Feature-Indexed Federated Recommendation with Residual-Quantized Codebooks

Federated recommendation provides a privacy-preserving solution for training recommender systems without centralizing user interactions. However, existing methods follow an ID-indexed communication paradigm that transmit whole item embeddings between clients and the server, which has three major limitations: 1) consumes uncontrollable communication resources, 2) the uploaded item information cannot generalize to related non-interacted items, and 3) is sensitive to client noisy feedback. To solve these problems, it is necessary to fundamentally change the existing ID-indexed communication paradigm. Therefore, we propose a feature-indexed communication paradigm that transmits feature code embeddings as codebooks rather than raw item embeddings. Building on this paradigm, we present RQFedRec, which assigns each item a list of discrete code IDs via Residual Quantization (RQ)-Kmeans. Each client generates and trains code embeddings as codebooks based on discrete code IDs provided by the server, and the server collects and aggregates these codebooks rather than item embeddings. This design makes communication controllable since the codebooks could cover all items, enabling updates to propagate across related items in same code ID. In addition, since code embedding represents many items, which is more robust to a single noisy item. To jointly capture semantic and collaborative information, RQFedRec further adopts a collaborative-semantic dual-channel aggregation with a curriculum strategy that emphasizes semantic codes early and gradually increases the contribution of collaborative codes over training. Extensive experiments on real-world datasets demonstrate that RQFedRec consistently outperforms state-of-the-art federated recommendation baselines while significantly reducing communication overhead.

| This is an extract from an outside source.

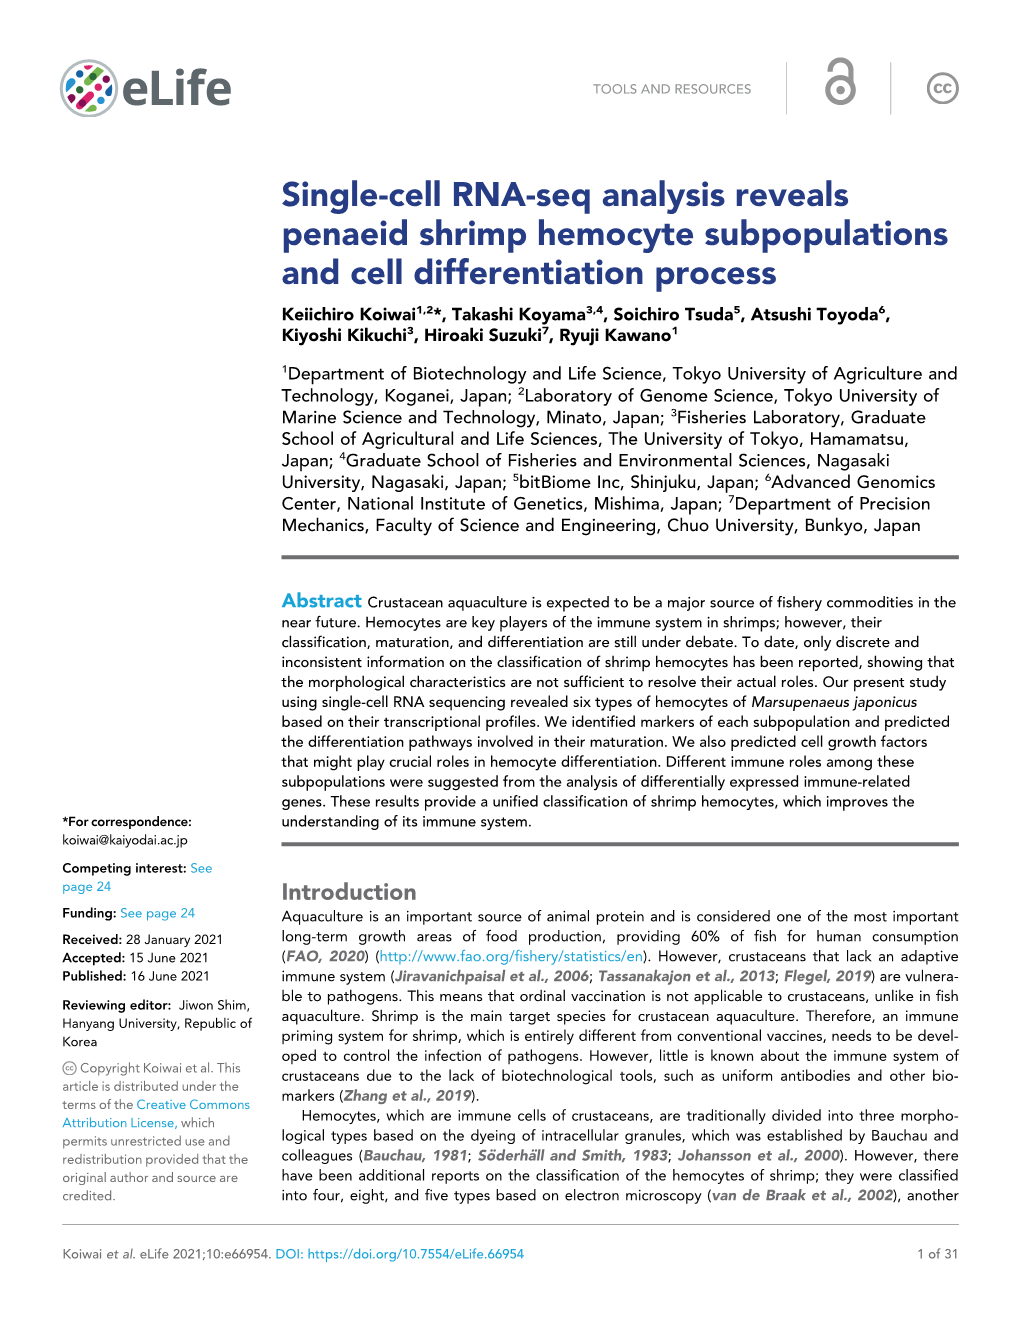 Single-Cell RNA-Seq Analysis Reveals Penaeid Shrimp Hemocyte Subpopulations and Cell Differentiation Process

翻译：联邦推荐提供了一种保护隐私的解决方案，可在不集中用户交互数据的情况下训练推荐系统。然而，现有方法遵循ID索引的通信范式，在客户端与服务器之间传输完整的物品嵌入向量，这存在三个主要局限：1) 消耗不可控的通信资源；2) 上传的物品信息无法泛化到相关的未交互物品；3) 对客户端的噪声反馈敏感。为解决这些问题，有必要从根本上改变现有的ID索引通信范式。因此，我们提出了一种特征索引通信范式，该范式传输作为码本的特征编码嵌入，而非原始物品嵌入。基于此范式，我们提出了RQFedRec，它通过残差量化(RQ)-Kmeans为每个物品分配一个离散编码ID列表。每个客户端根据服务器提供的离散编码ID生成并训练作为码本的编码嵌入，服务器则收集并聚合这些码本而非物品嵌入。这种设计使得通信可控，因为码本可以覆盖所有物品，并使更新能够通过相同编码ID传播到相关物品。此外，由于编码嵌入代表多个物品，其对单个噪声物品的鲁棒性更强。为联合捕捉语义信息与协同信息，RQFedRec进一步采用协同-语义双通道聚合机制，并配合课程学习策略：在训练早期侧重语义编码，随后逐步增加协同编码的贡献。在真实数据集上的大量实验表明，RQFedRec在显著降低通信开销的同时，持续优于最先进的联邦推荐基线方法。